Optimising JavaScript Bundles with webpack-bundle-analyzer
by Zac ColleyIf your JavaScript files are large in size it can take a long time to:
- Download on slower network connections
- Parse and run on slower devices
Waiting is not a great user-experience.
So we need to send less JavaScript to our users but sometimes it's hard to know what is in your JavaScript bundle.
The JavaScript output from Webpack can look quite different from the code in your editor.
A tool like Babel converts the JavaScript to ES5 to support older browsers. Your libraries/dependencies will be imported. And after that it can be minified.

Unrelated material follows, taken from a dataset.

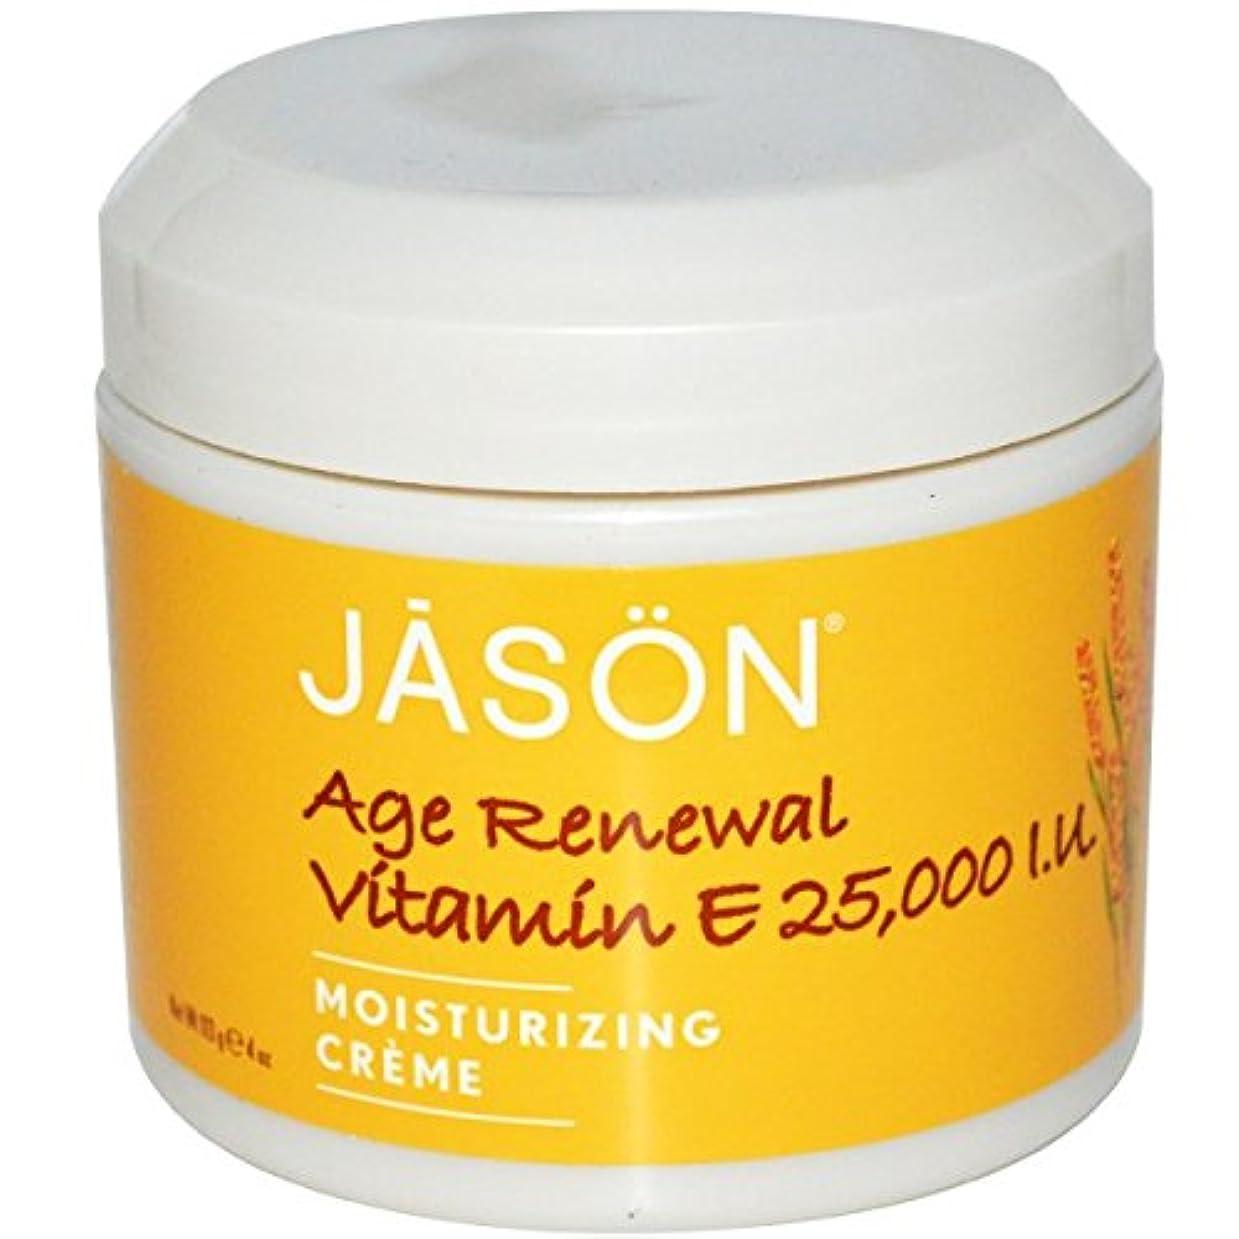 うるさい休憩する長さ[海外直送品] ジェイソンナチュラル(Jason Natural) 25,000 IU ビタミンE エイジリニューアルクリーム 113g
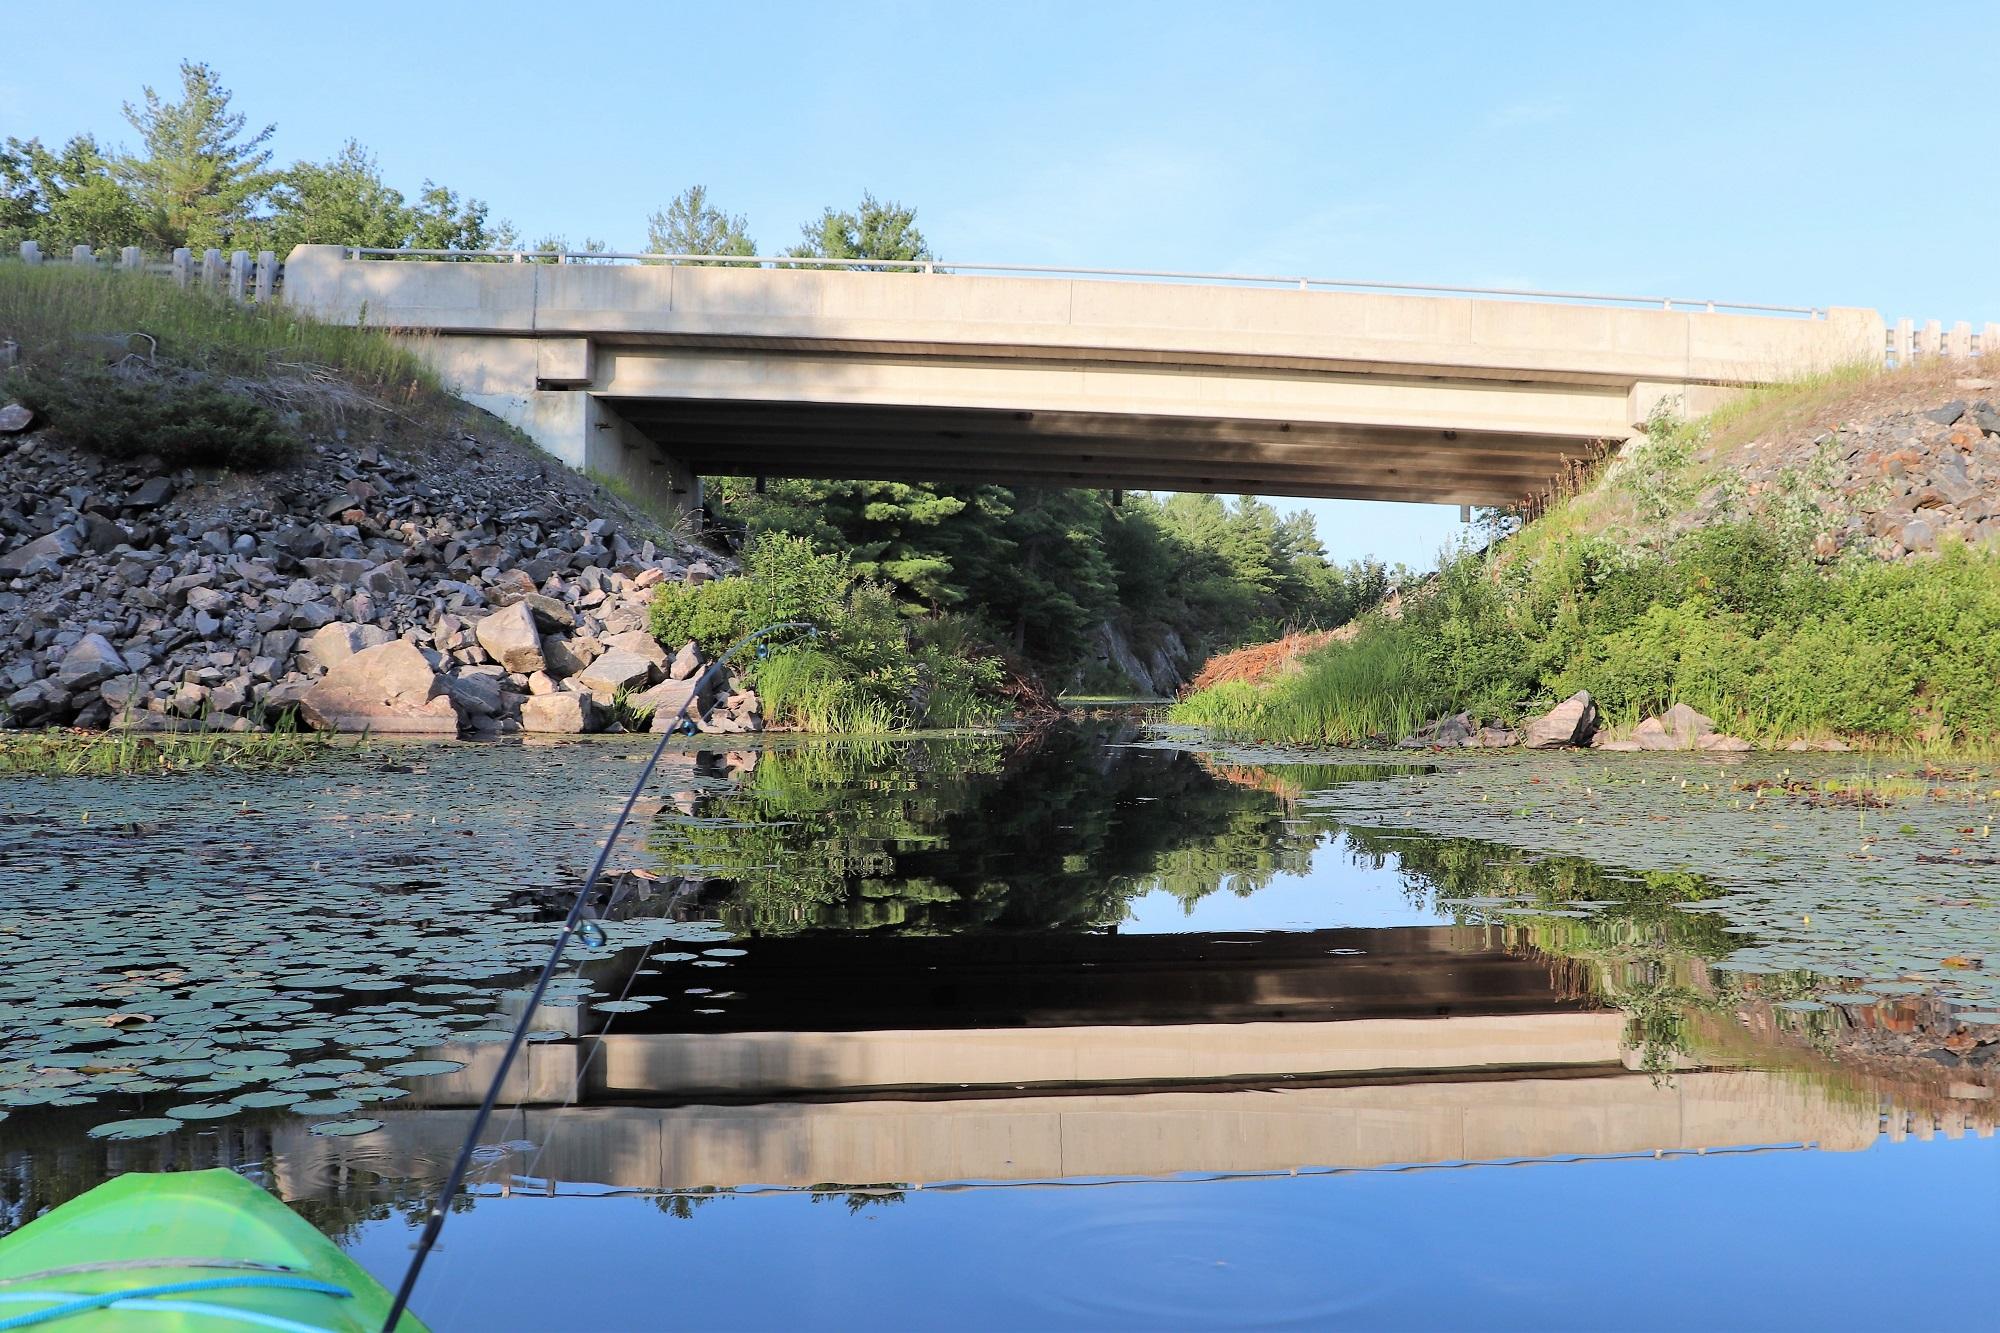 Mellon Lake CR41 Bridge

How can we tell what we need and don't in our JavaScript bundle?
webpack-bundle-analyzer #
This is where Webpack Bundle Analyzer comes in. It can let you see a visual and interactive tree of files.
This includes your dependencies like node_modules
. From there you can remove and replace code to make your bundle smaller.
For example, you can add this as a plugin in your Webpack config:
const { BundleAnalyzerPlugin } = require("webpack-bundle-analyzer");
module.exports = {
plugins: [new BundleAnalyzerPlugin()]
};
Then to launch the tool in your browser, you run these commands:
webpack --profile --json > stats.json
webpack-bundle-analyzer bundle/output/path/stats.json
Check out the README for webpack-bundle-analyzer on npm for the full instructions.
An example of optimisation on the Beano website #
On Beano.com we use Webpack and have started reducing our JavaScript bundle size.
In February we checked our main bundle size using webpack-bundle-analyzer. It was a disappointing 452.78 KB. (Please don't judge this bundle size, we're working on it...
)One of the first things we noticed was that we had a lot of images inlined in our bundle.
There is a feature of the Webpack loader "url-loader" which lets you embed DataURLs into your JavaScript. An image is inlined if it is under a certain size threshold.
Before we made changes our threshold was at 10000
bytes or 10 KB:
loader: "url-loader",
options: {
limit: 10000
// ...
}
The idea with url-loader
is you can get a performance improvement if the size of the images are small. Doing many different requests for your JavaScript and images can take a while.
Yet we had so many images under this 10 KB threshold it increased the size of our bundle. We changed our threshold to 500 bytes and reduced our main bundle size to from 452.78 KB to 339.96 KB. Yes!
Keep optimising #
We hope this post inspires you to have a dig round and reduce the size of your JavaScript bundle.
Remember the best way to avoid this is to write less JavaScript in the first place.